We will work through the intuition and mechanics of how to conduct a few standard ordination techniques. Our focus will be on building a conceptual understanding and a pragmatic “know-how”, rather than a rigorous mathematical foundation. Along the way, we’ll also wrestle with practical questions. For example “What do we do about missing data?”, “Should we scale our variables?”, and “When are two variables redundant? (and why should I care?)

  • We’ll begin with Principal Component Analysis (PCA) — a linear method that looks for the directions of greatest variance in your data. We will start with a familiar dataset: Clarkia individuals from the GC site, for which we’ve measured anther-stigma distance, petal area, and leaf water content. These traits may relate to different aspects of plant performance or pollination biology — but PCA won’t “know” that. It will simply tell us how plants vary. We will then expand to other data sets to show what we can learn from a PCA.
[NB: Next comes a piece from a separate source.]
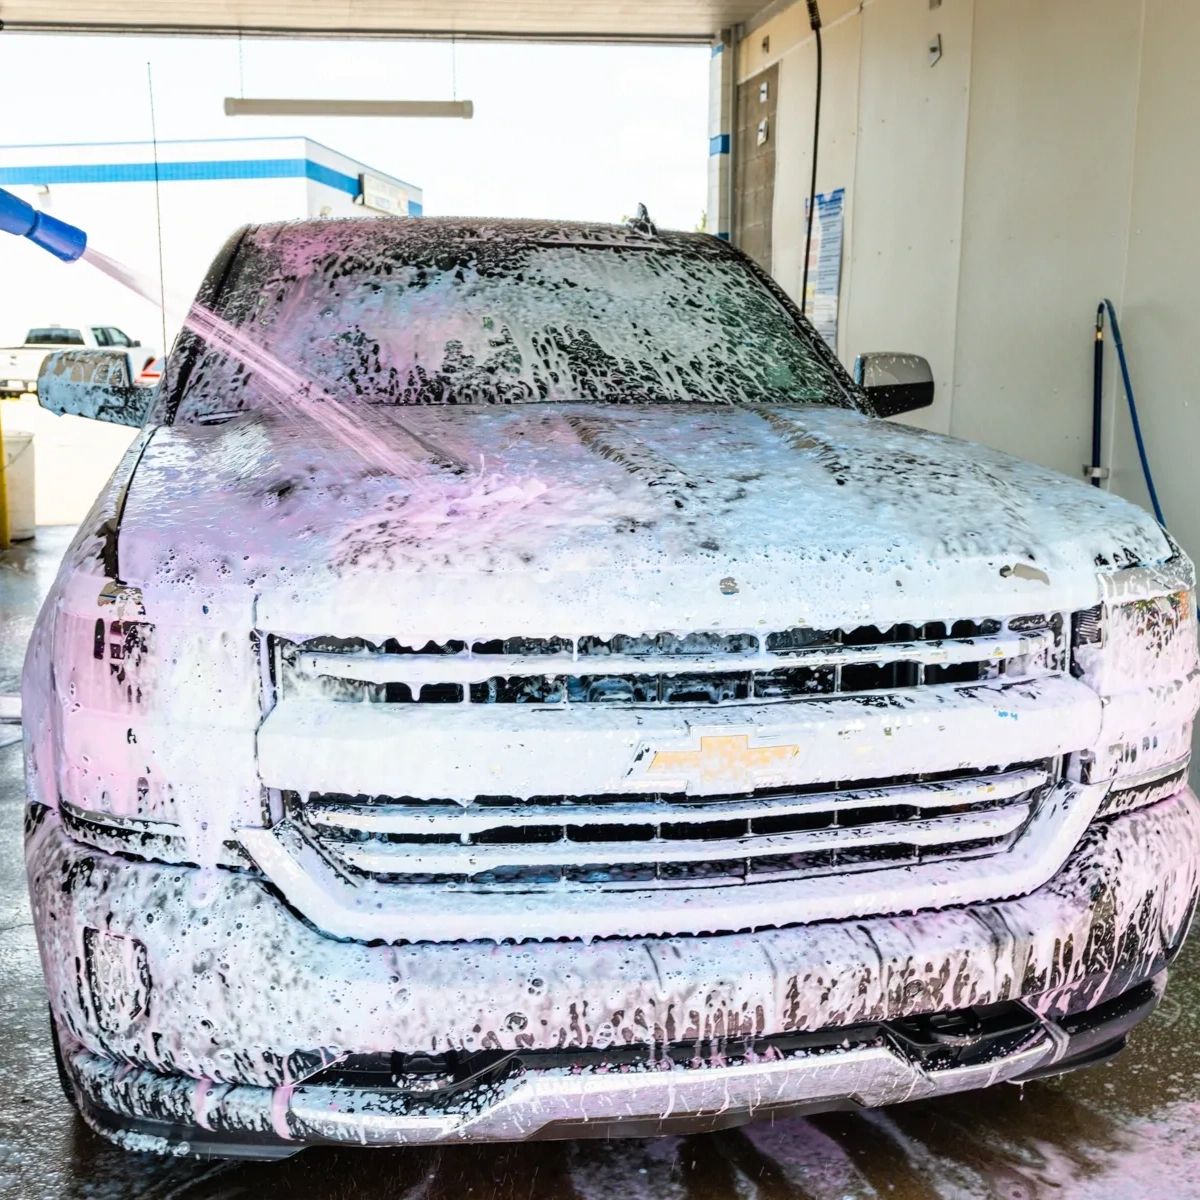 Say goodbye to the remnants of last week's road trip and hello to a fresh car. Our team will go above and beyond to banish dirt and grime and transform your ride into a shining beauty.

  • Next we’ll explore Principal Coordinates Analysis (PCoA), which begins with a distance matrix rather than raw trait values. This makes it more flexible than PCA: you can use PCoA with ecologically-informed distance measures. While PCA is essentially an eigen-decomposition of the variance–covariance (or correlation) matrix, PCoA performs a similar decomposition of an arbitrary distance matrix, allowing us to apply ordination to data that might not meet PCA’s assumptions.

  • Finally, we’ll turn to Non-metric Multidimensional Scaling (NMDS), which takes does not assume linear relationships or focus on preserving absolute distances. Instead, it tries to preserve the rank order of distances between individuals — making it especially useful for messy ecological data, abundance counts, and presence-absence matrices. While NMDS is less mathematically pretty, it can be applied to ugly, real world biological data.